Léirsinn stepped in front of Acair out of habit. To his credit, he took her gently by the arm, pulled her back to stand behind him, then made the king a very small, very careful bow.

“King Sìle,” he said politely, “my most abject and heartfelt apologies.”

“For what?” the king snapped. “You’ve wreaked so much havoc across the whole of the world, I doubt you can remember what mischief you made within my borders!”

Léirsinn thought the king might have a point there. She eased forward to stand next to Acair, then felt his ever-present shadow wedge itself between them, its arms around their shoulders. She didn’t blame Acair for dealing it a firm elbow in its non-existent gut, but it remained unfazed.

“I will provide you with a list of offenses at my earliest opportunity,” Acair said, “and apologize for each in turn. Until that time, if I might present my companion, Léirsinn of Sàraichte. Léirsinn, His Majesty, King Sìle of Tòrr Dòrainn.”

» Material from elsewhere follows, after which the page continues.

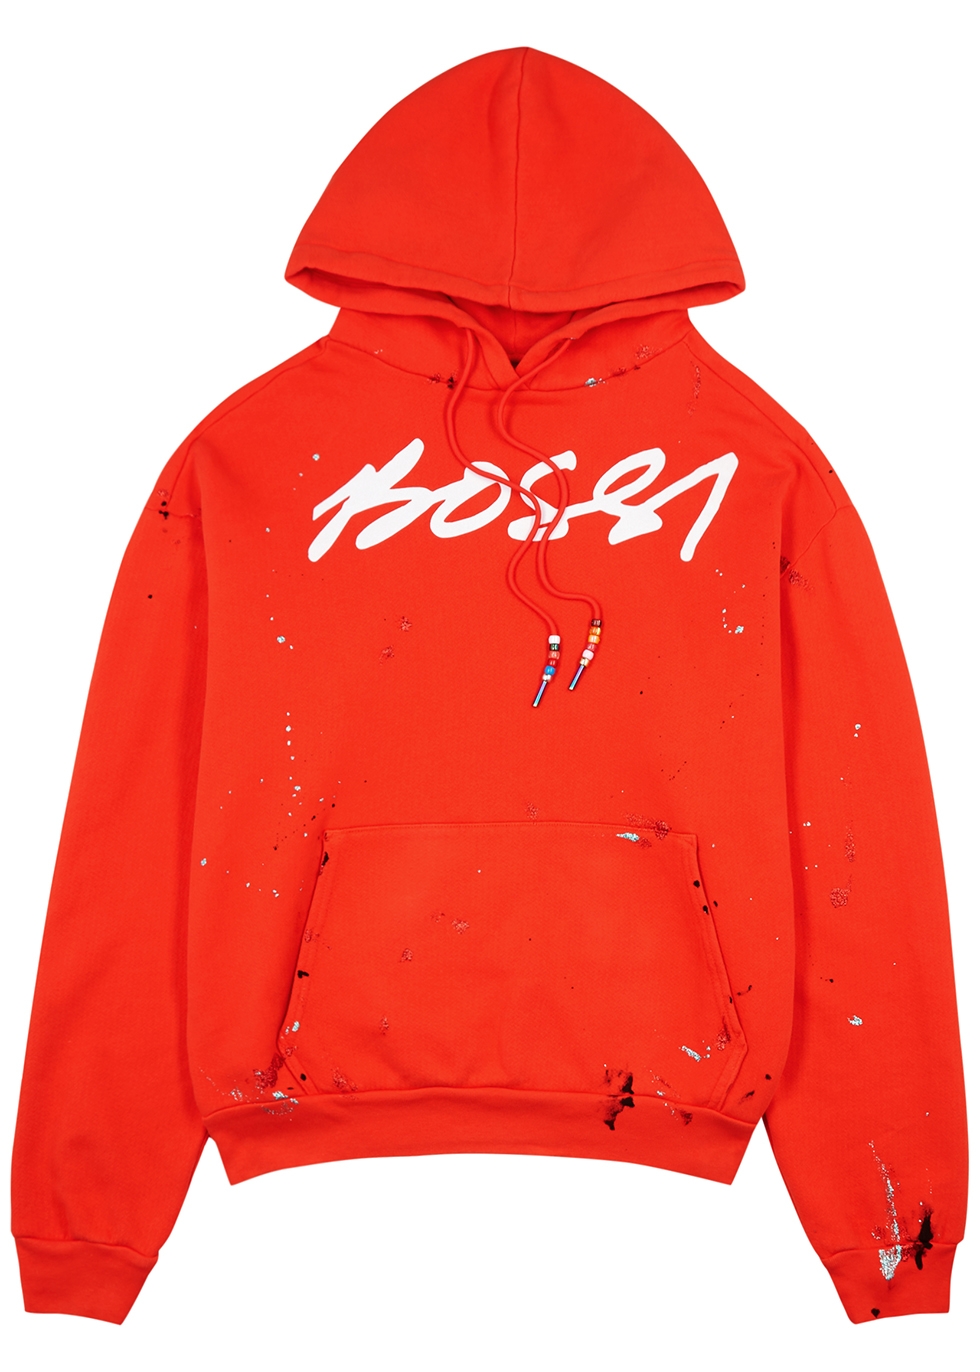 BOSSI Sportswear Red logo hooded cotton sweatshirt

She started to make him her best curtsey, then she actually heard the name Acair had said.

“Oh,” she said, feeling her mouth then drop open. Only good sense stopped her from blurting out that she remembered that Acair’s father had wed the youngest of a certain King Sìle’s five daughters. She imagined the king in front of her could finish that tale well enough.

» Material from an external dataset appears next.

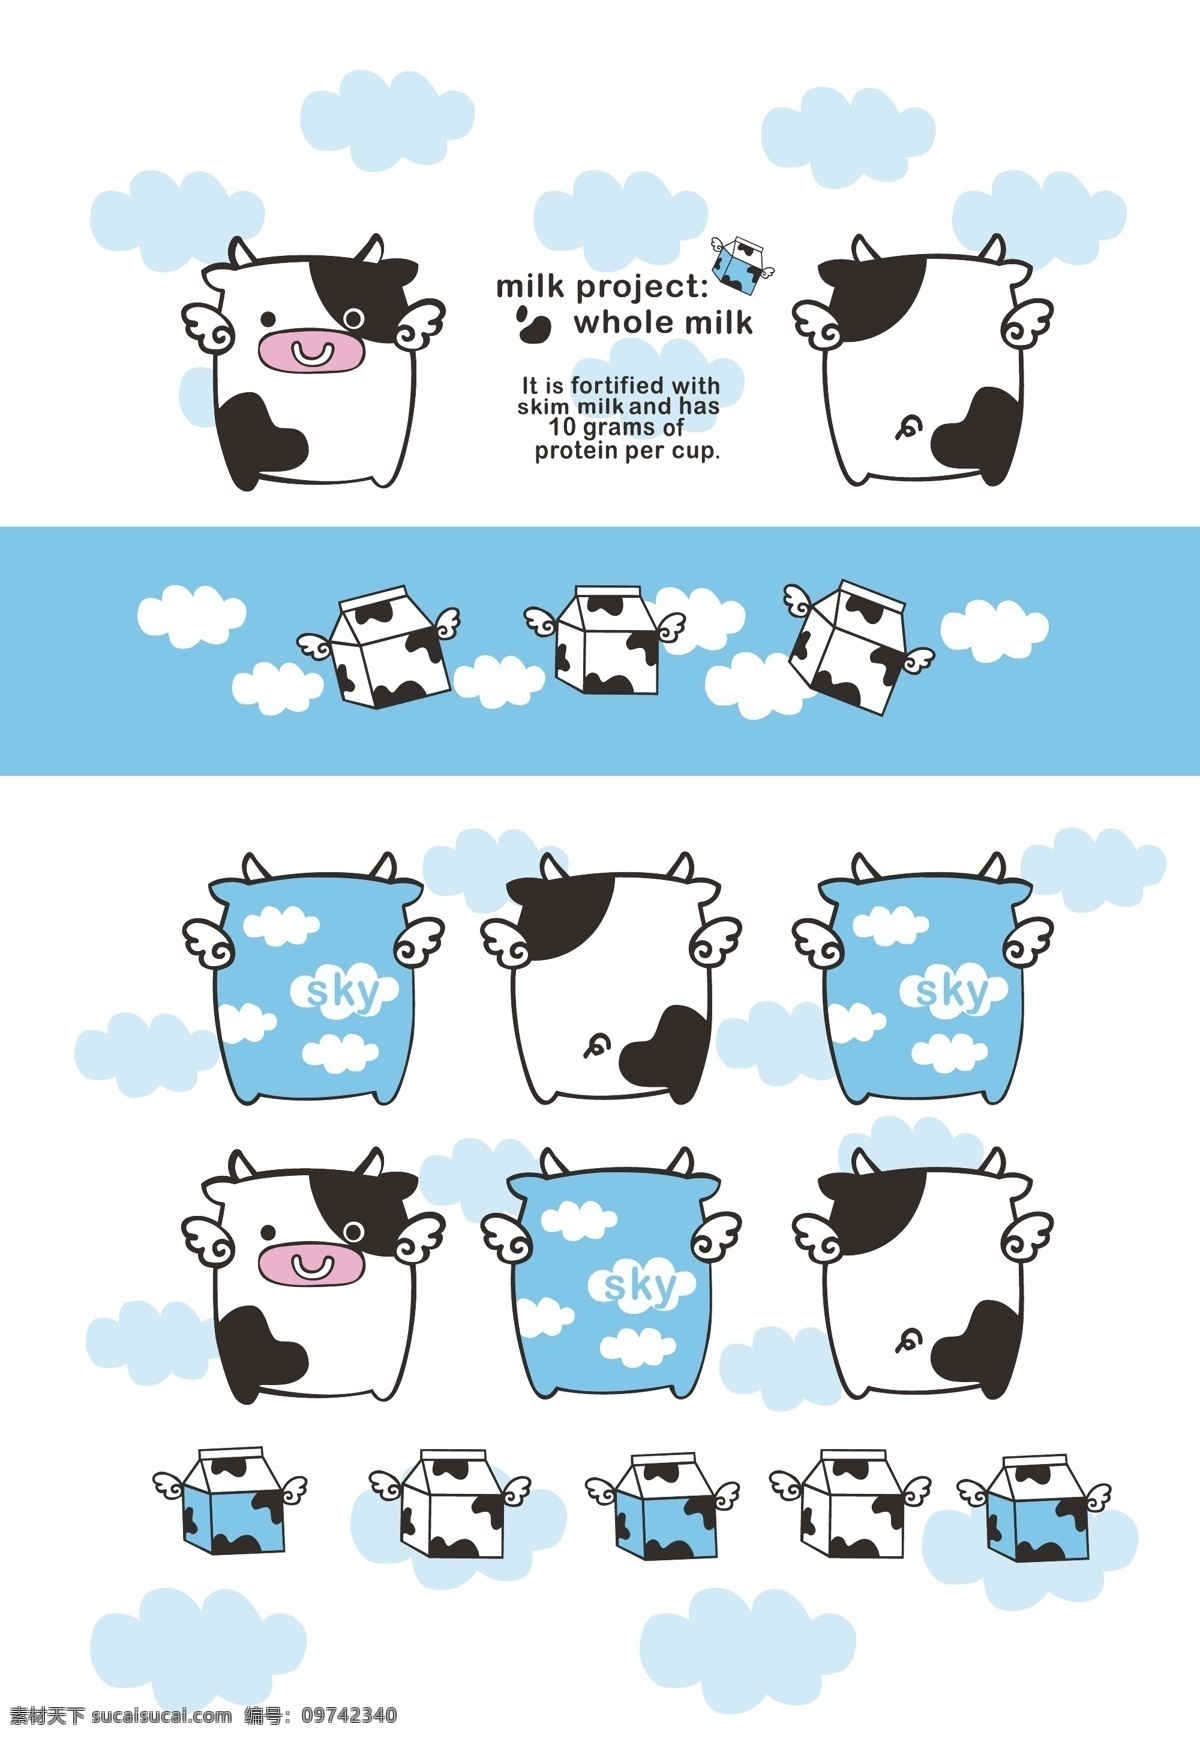 牛奶 奶牛 牛斑 乳牛 鲜奶 鲜牛奶 纯牛奶 小奶牛 牛轧糖 卡通插画 动漫 卡通 儿童 卡通设计 矢量

“And his lovely guard captain,” Acair continued, “Dionadair of Tòrr Dòrainn. Also various and sundry other elven warriors of unimpeachable bravery, courage, and beauty—”

“Oh, shut up,” the king grumbled. “Why are you here?”

“I am—”

“About some mischief, no doubt,” the king interrupted. He paused, then frowned a bit more. “Why do you have that magic, mistress? And why are you keeping company with that bastard there?”

Léirsinn realized the king was speaking to her. It then occurred to her that he was asking about the business in her veins that seemed to have perked up as if it had sensed some other sort of magic that it recognized. She supposed she wasn’t surprised for even she could see what was sparkling in the air around the elven king.

“Ah,” she said, trying to invent something on the spot that would save them from another trip to a different dungeon, “the tale is long and very interesting, but the shortened telling of it amounts to the fact that my lord Acair is off to do heroic deeds and put a stop to a vile and pervasive evil. I have come along to help him as I may.”

There. That sounded reasonable as well as a bit like something Acair would have said. She was starting to understand why he spewed out so many compliments and apologies when meeting those who might want to put a sword through him first and ask about his intentions later.